Elon Musk SXSW Q&A Session Recap

A video showing rockets launching was played during the session. / Photo by Steffanie Agnew

Elon Musk made a surprise appearance on Sunday at SXSW. He sat with Westworld co-creator Jonathan Nolan at the Austin City Limits Moody Theater and answered questions from the audience ranging from his current projects with SpaceX and Tesla, his thoughts on the future, colonizing Mars and energy efficiency.

At the start of the panel, Nolan asked a question from an audience member on how the public can help with getting to Mars.

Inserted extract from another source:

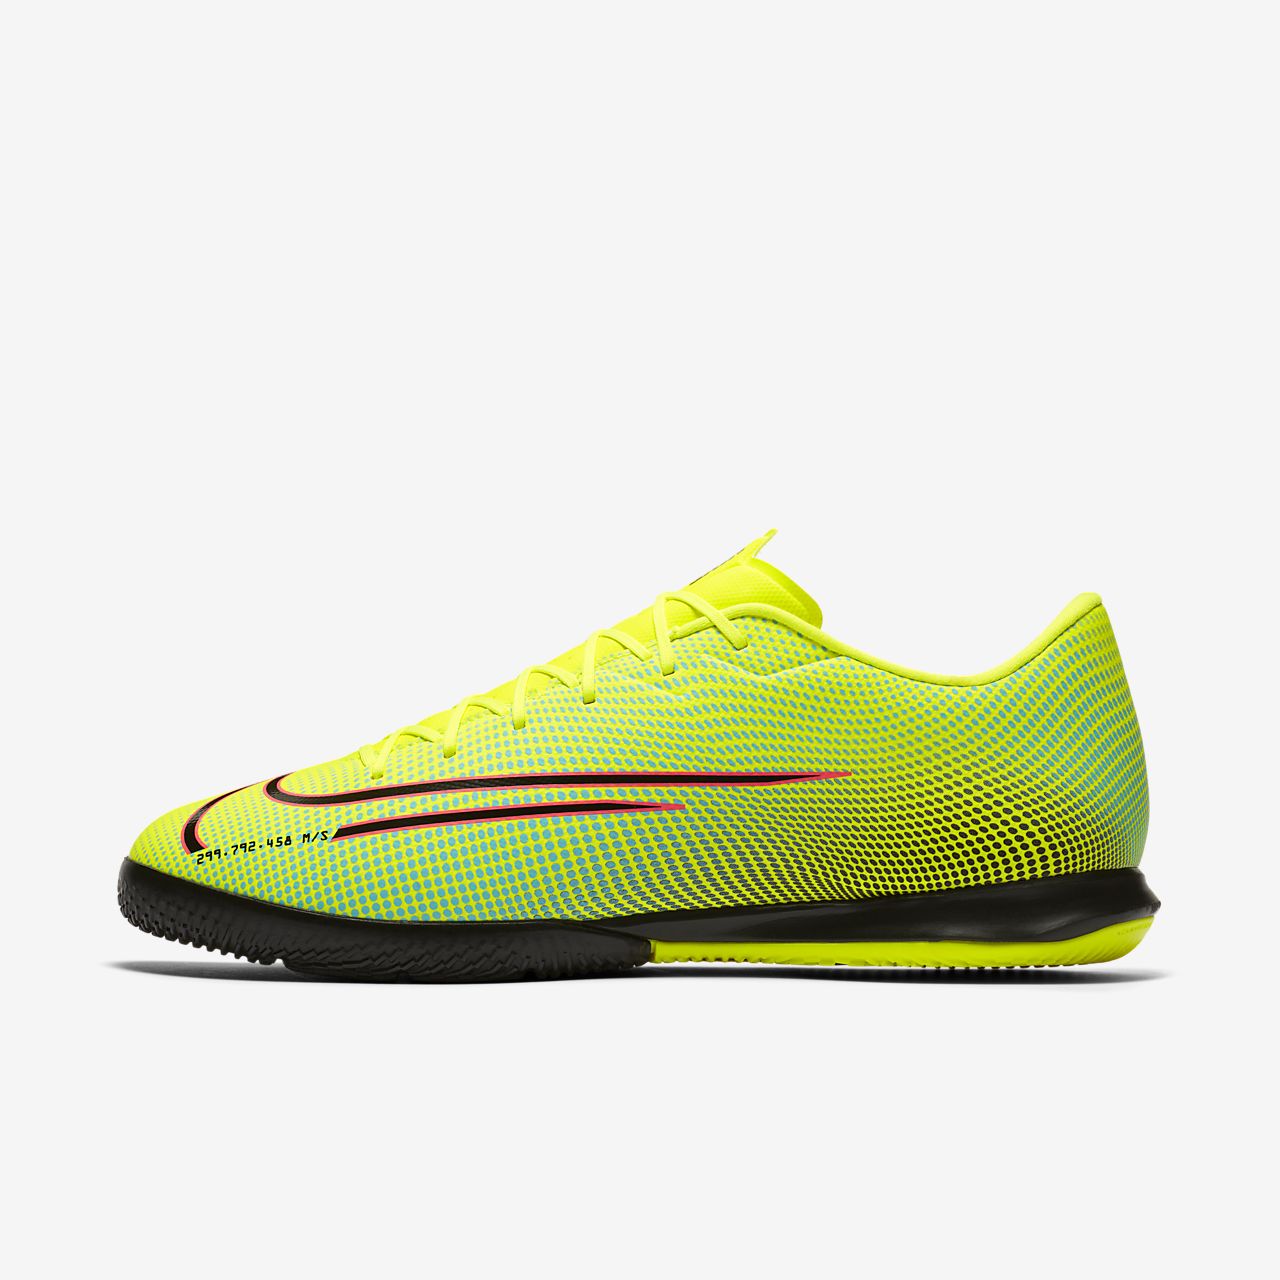 Nike Mercurial Vapor 13 Pro MDS Firm Ground Soccer Cleats.

“In the short term, Mars is really about getting the spaceship built. We’re making good progress on the ship and the booster, code named BFR,” he said. “I think the biggest thing right now, is just general support and encouragement. Once we build it, we’ll have a point of proof—something that other countries and companies can then go and do.”

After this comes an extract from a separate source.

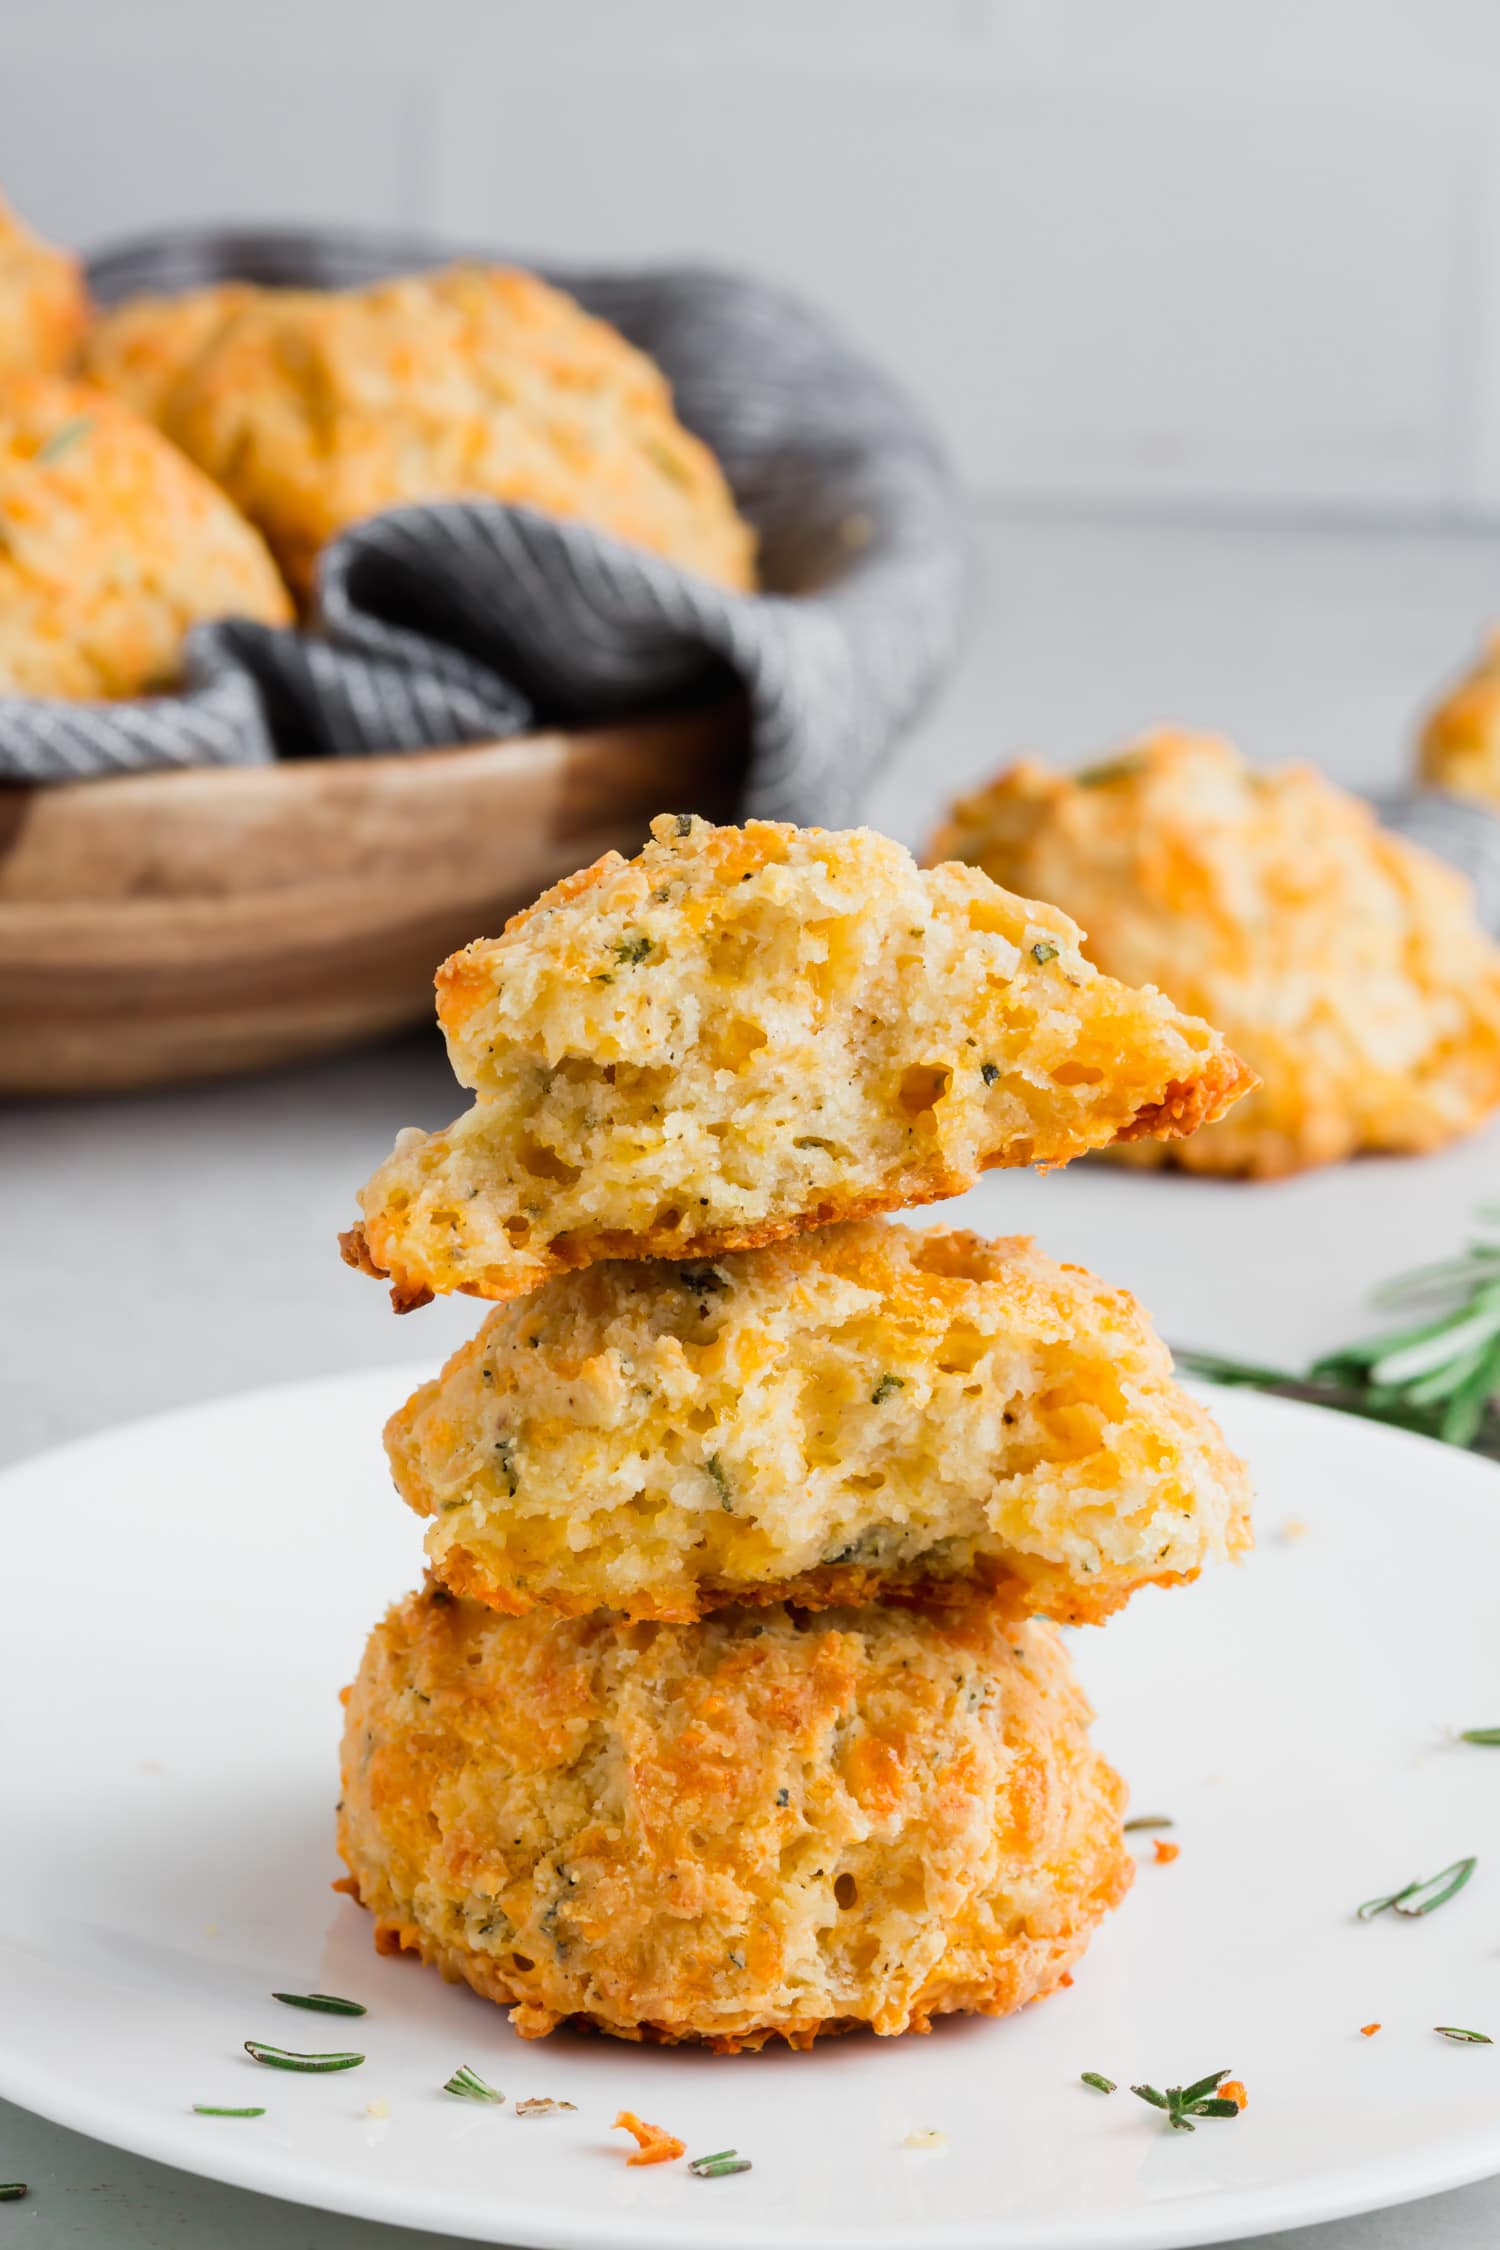 A photo of a stack of three cheddar biscuits with rosemary.

Musk said once the spaceship has been built and there was a means of getting cargo and people to and from Mars, as well as to and from the moon and other places in the solar system, that is where he felt there would be a tremendous amount of entrepreneurial resources that would be needed.

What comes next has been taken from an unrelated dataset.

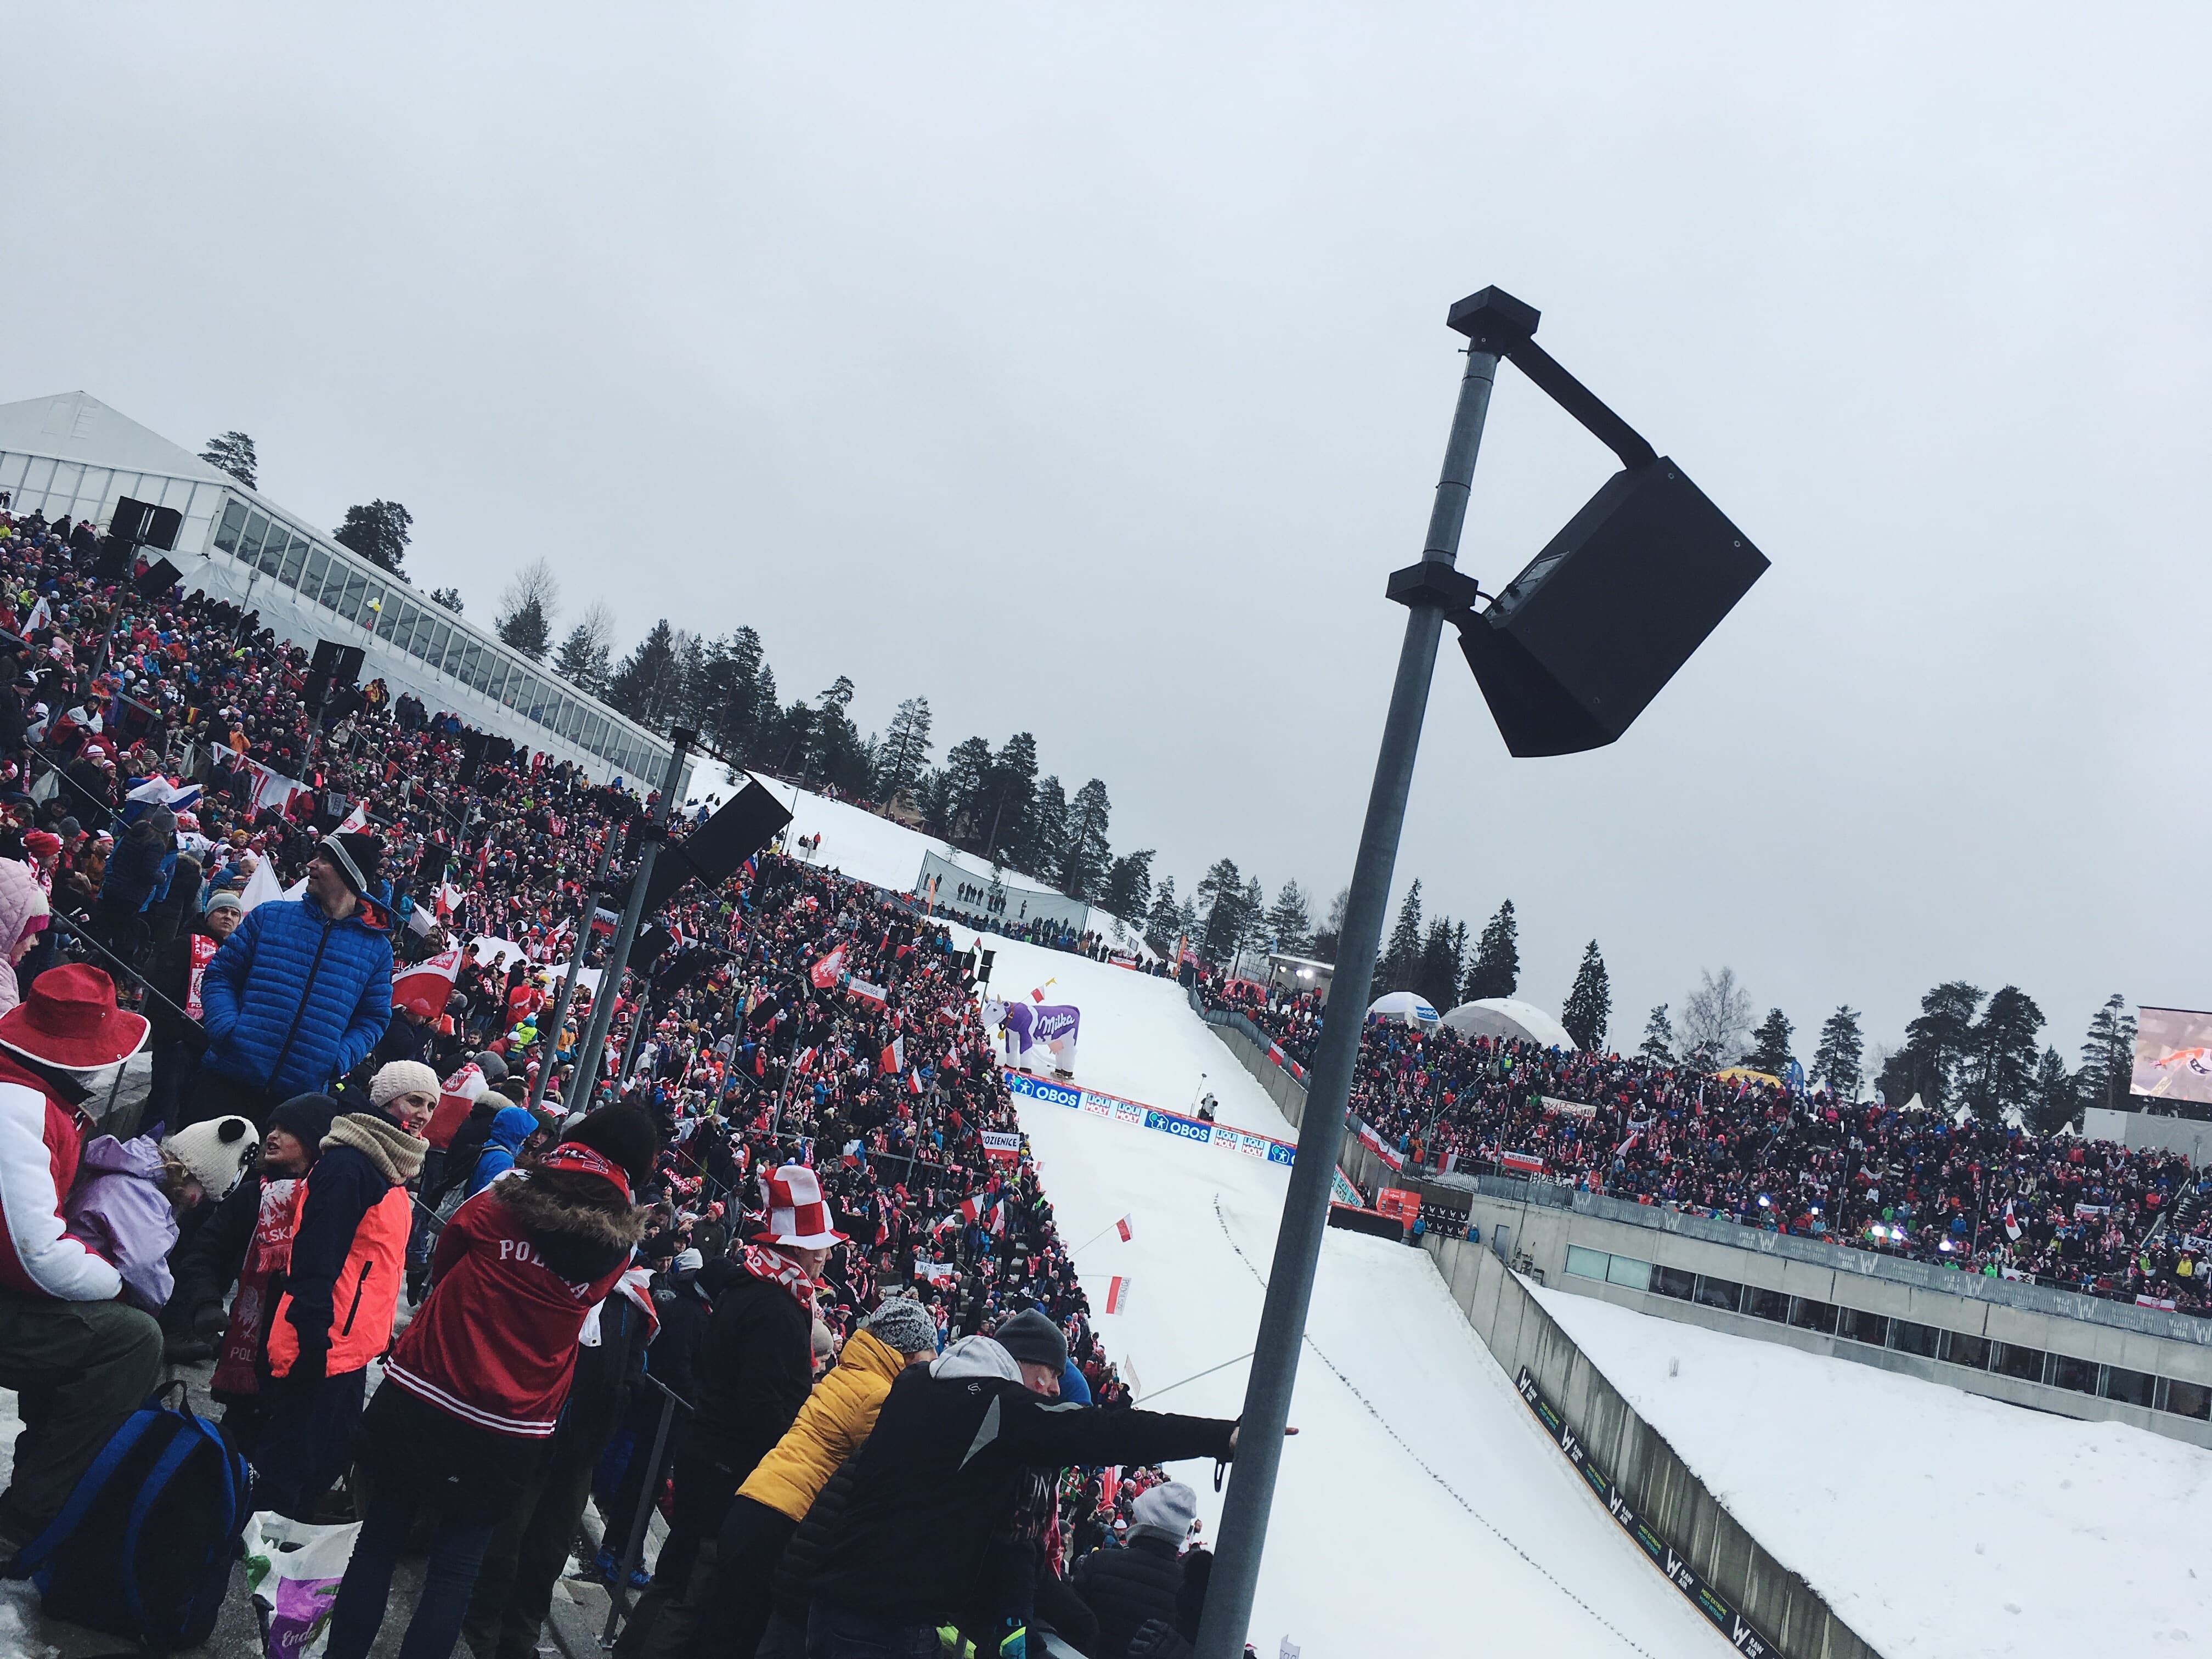 My friends and I attended a world ski jump competition at Holmenkollen (the major ski jump from the Olympics).

“You have to build out the entire base of industry,” he said. “Everything that allows human civilization to exist. For the early people that go to Mars, it’ll be far more dangerous.”

He said the early people would be drawn in by the excitement to journey to the frontier and to explore, which would exceed the danger. The early Mars settlers that do go would also need basic fundamental infrastructure to survive, such as a base to create propellant, a power station and blast domes to grow crops. After that is in place, Mars would see an explosion of entrepreneurial opportunities, because the planet would need things from Iron foundries to pizza joints.

Nolan asked Musk what the timeline would be for all of this to built on Mars.

“I’m feeling pretty optimistic about the timeline,” he said. “Although, people have told me before that my timelines, historically, have been optimistic. But I can tell you what I know, currently, is the case, is that we are building the first Mars interplanetary ship, and I think we’ll be able to do short flights probably in the first half of next year.”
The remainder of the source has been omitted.